Dive Overview:
Treasury Secretary Janet Yellen said Tuesday that commercial real estate losses could put financial institutions under “significant stress” as loans come due, vacancy rates in some cities remain high and interest rates remain at 23-year highs. Federal regulators are working to ensure that banks struggling to lend to commercial property owners have sufficient liquidity, can cut dividends and build loan loss reserves if necessary, Yellen said in testimony before the House Financial Services Committee. “The rising interest rate environment and, in some cases, particularly for office buildings, changes in work patterns due to the pandemic and vacancy rates in some cities that are quite high, as many commercial real estate loans come due and require borrowing or refinancing, will put significant stress on owners of these properties,” Yellen said. “And so our regulators are very focused on helping banks get through this.”
Dive Insights:
A top U.S. regulator warned in December that the commercial real estate market was the biggest risk to financial stability this year, citing rising vacancy rates, falling office property values, high interest rates and the possibility of a slowing economy.
“CRE is the largest loan category for nearly half of U.S. banks, and more than a quarter of U.S. banks have large CRE loan portfolios relative to their capital holdings,” the Financial Stability Oversight Council said in its annual report.
“The office sector faces the most severe challenges as demand for office space remains weak, particularly in the largest US markets,” the council said.
Cleveland Federal Reserve Bank President Loretta Mester said Tuesday that the banking system is stabilizing after the failure of three banks in March, but parts of the system could face further disruption because of vulnerabilities to commercial real estate.
“Since March, many banks have diversified their liquidity sources, making them less vulnerable,” Mester said in her speech, “but we could see renewed stress for banks that continue to rely on unsecured deposits for funding and have significant exposure to CRE assets that will need to be revalued at higher interest rates.”
Yellen stressed regulators' focus on risk but said banking regulators could probably limit disruptions to banks linked to commercial real estate.
“I am concerned,” she said in response to questions from lawmakers. “Some agencies may be under significant stress, but I believe it is manageable.”
As the work-from-home trend reduces demand for office space, many commercial property owners who borrowed at near-zero interest rates nearly a decade ago are now being forced to refinance at much higher rates.
Yellen said the strain on the balance sheets of some financial institutions was significant.
“Many banks, especially smaller and regional banks, are concentrating their lending on commercial real estate,” she said. “Office properties in some cities are of particular concern as vacancy rates rise and property values fall.”
New York Community Bancorp on Jan. 31 reported a fourth-quarter loss and cut its dividend, rekindling concerns about turmoil at regional banks.
NYCB announced that it was recapitalizing itself by purchasing the assets and liabilities of Signature Bank, one of three banks that failed in March.
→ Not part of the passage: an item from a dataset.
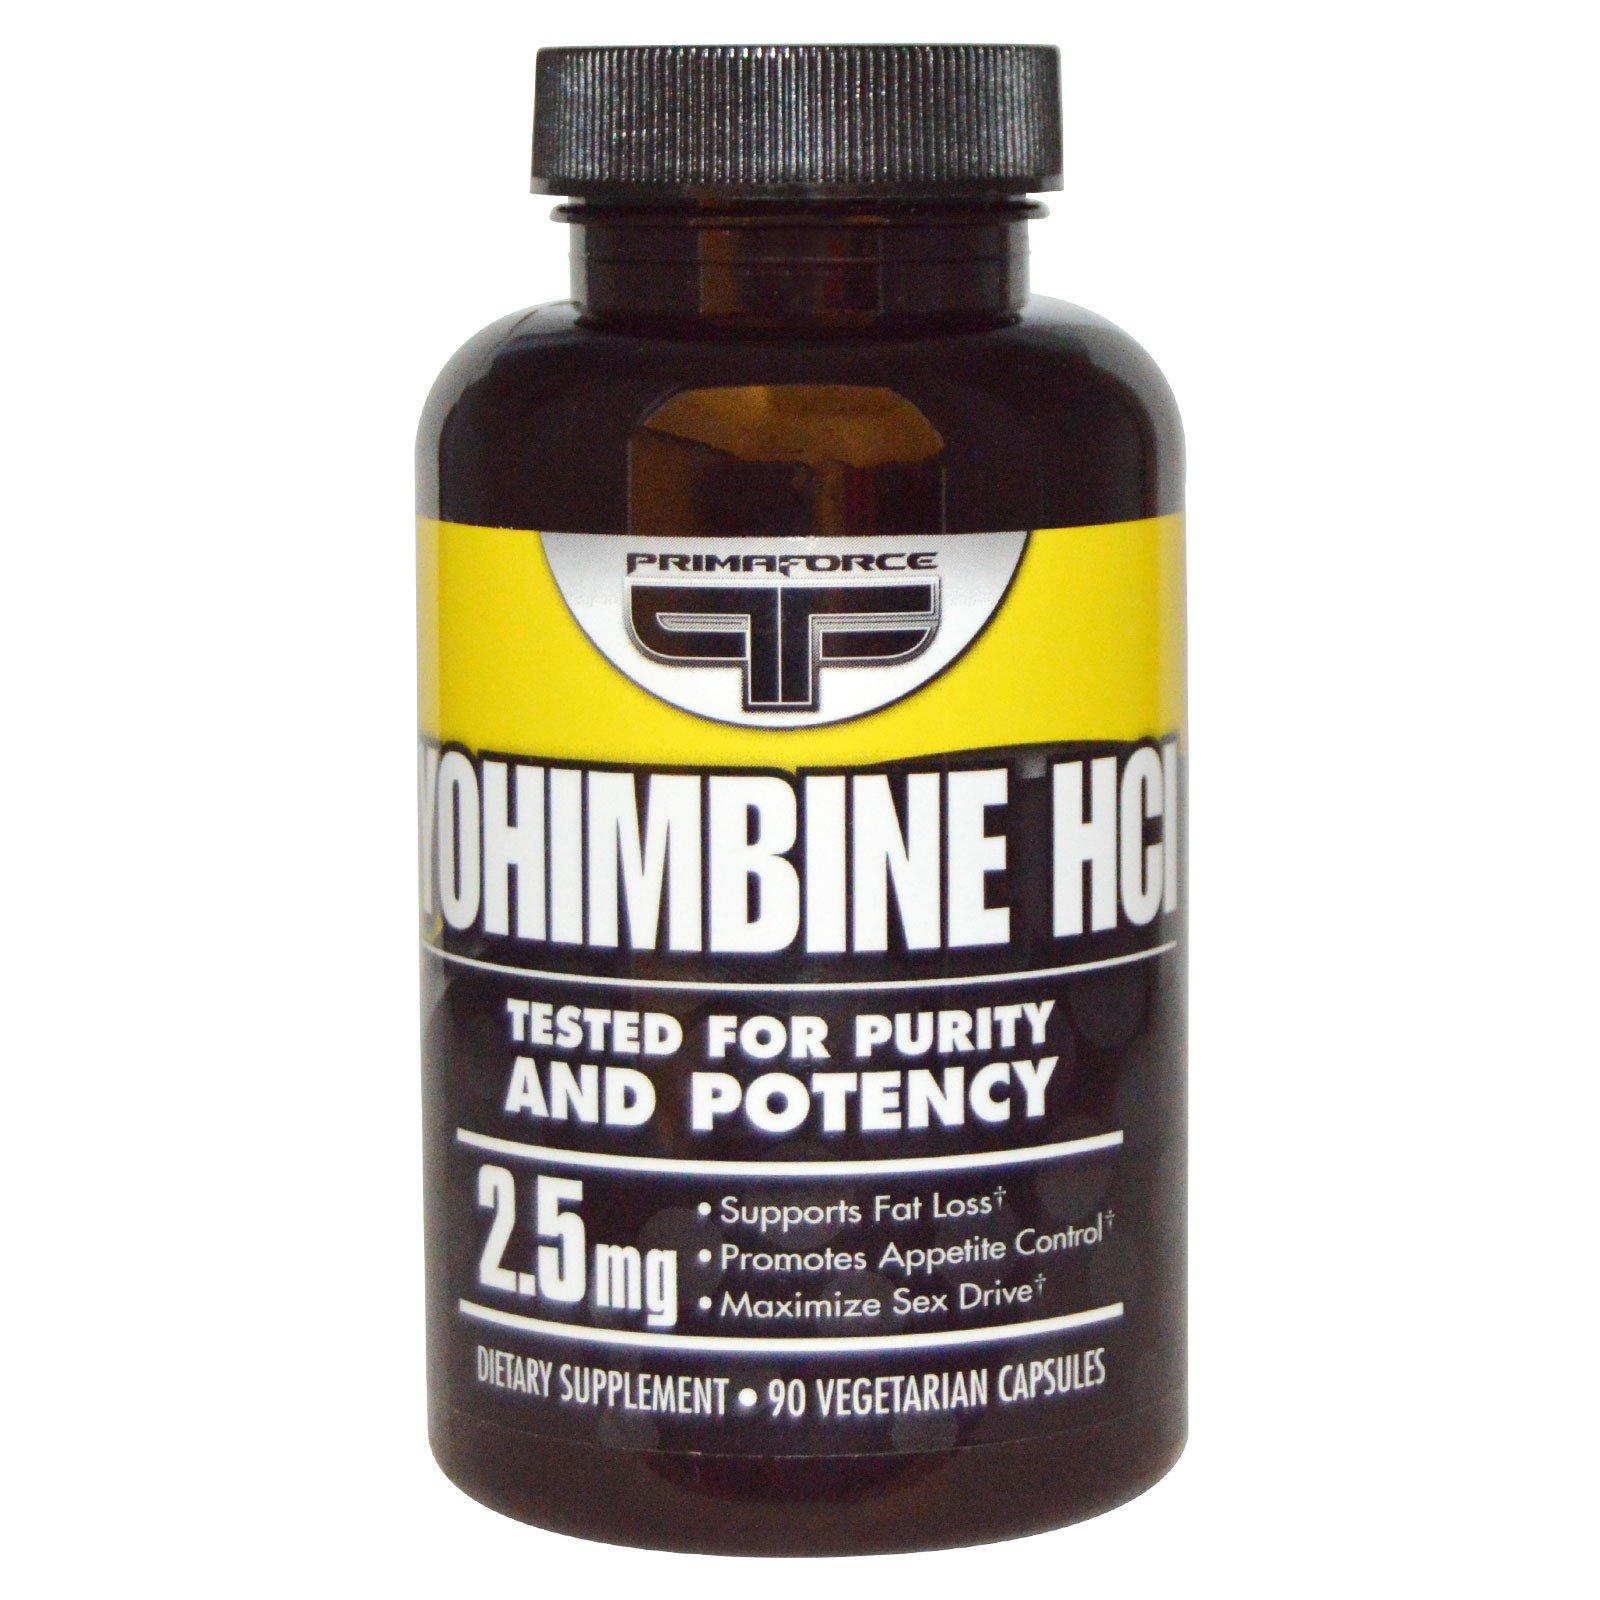 Primaforce, Иохимбин HCL, 2,5 мг, 90 вегетарианских капсул
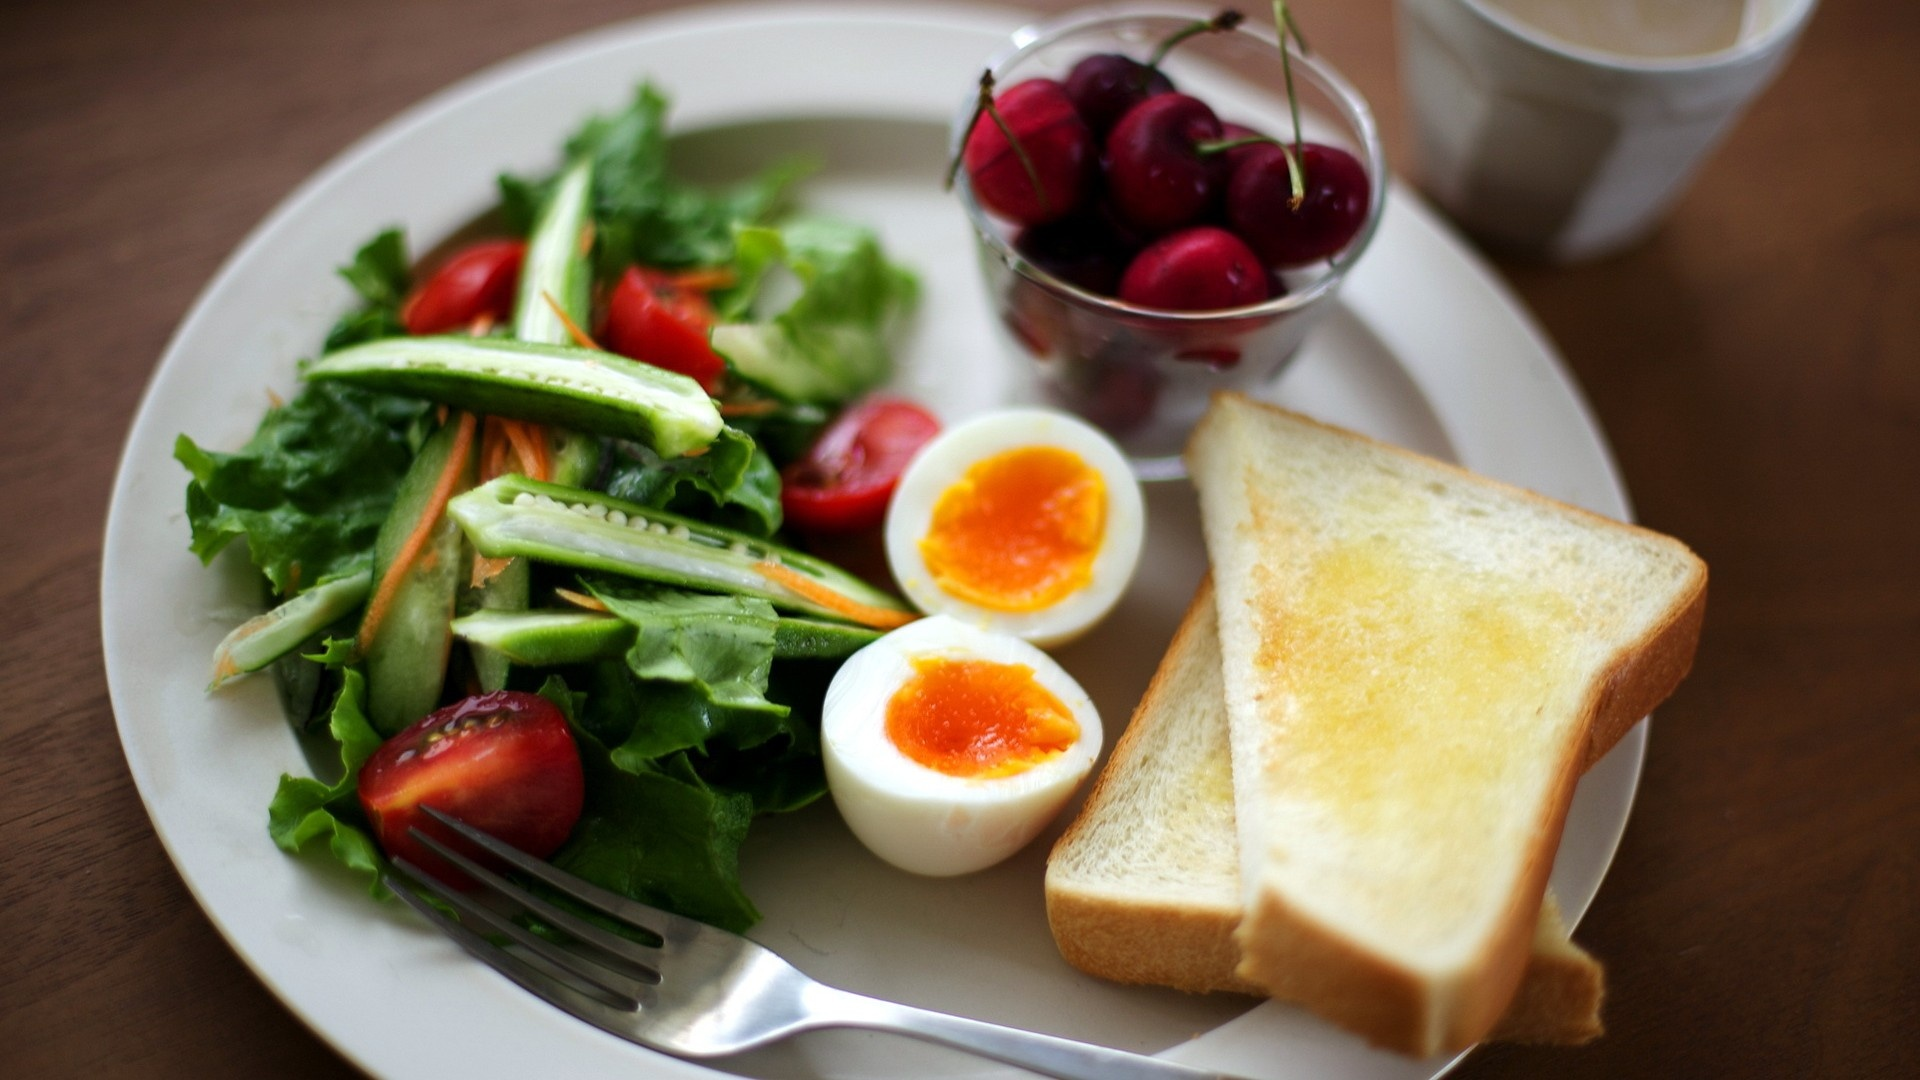 Awesome Breakfast Good Morning Wallpaper Free Download: Salad Breakfast Healthy Hd Wallpaper 1920x1080px

The purchase brings NYCB's total assets to more than $100 billion and makes it subject to stricter capital and liquidity regulations.
“The bank purchased Signature's assets, which moved the bank into a higher category that is subject to greater oversight and higher capital requirements,” Chicago Federal Reserve Bank President Austan Goolsby said Monday.
“Right now, we're not seeing a commercial real estate explosion or anything like that happening,” Goolsby said in an interview on Bloomberg Television. “But of course we're watching,” he said, adding that “the job of the central bank is to watch and be prepared for anything that could go wrong.”
Federal Reserve officials are among the regulators who serve on FSOC.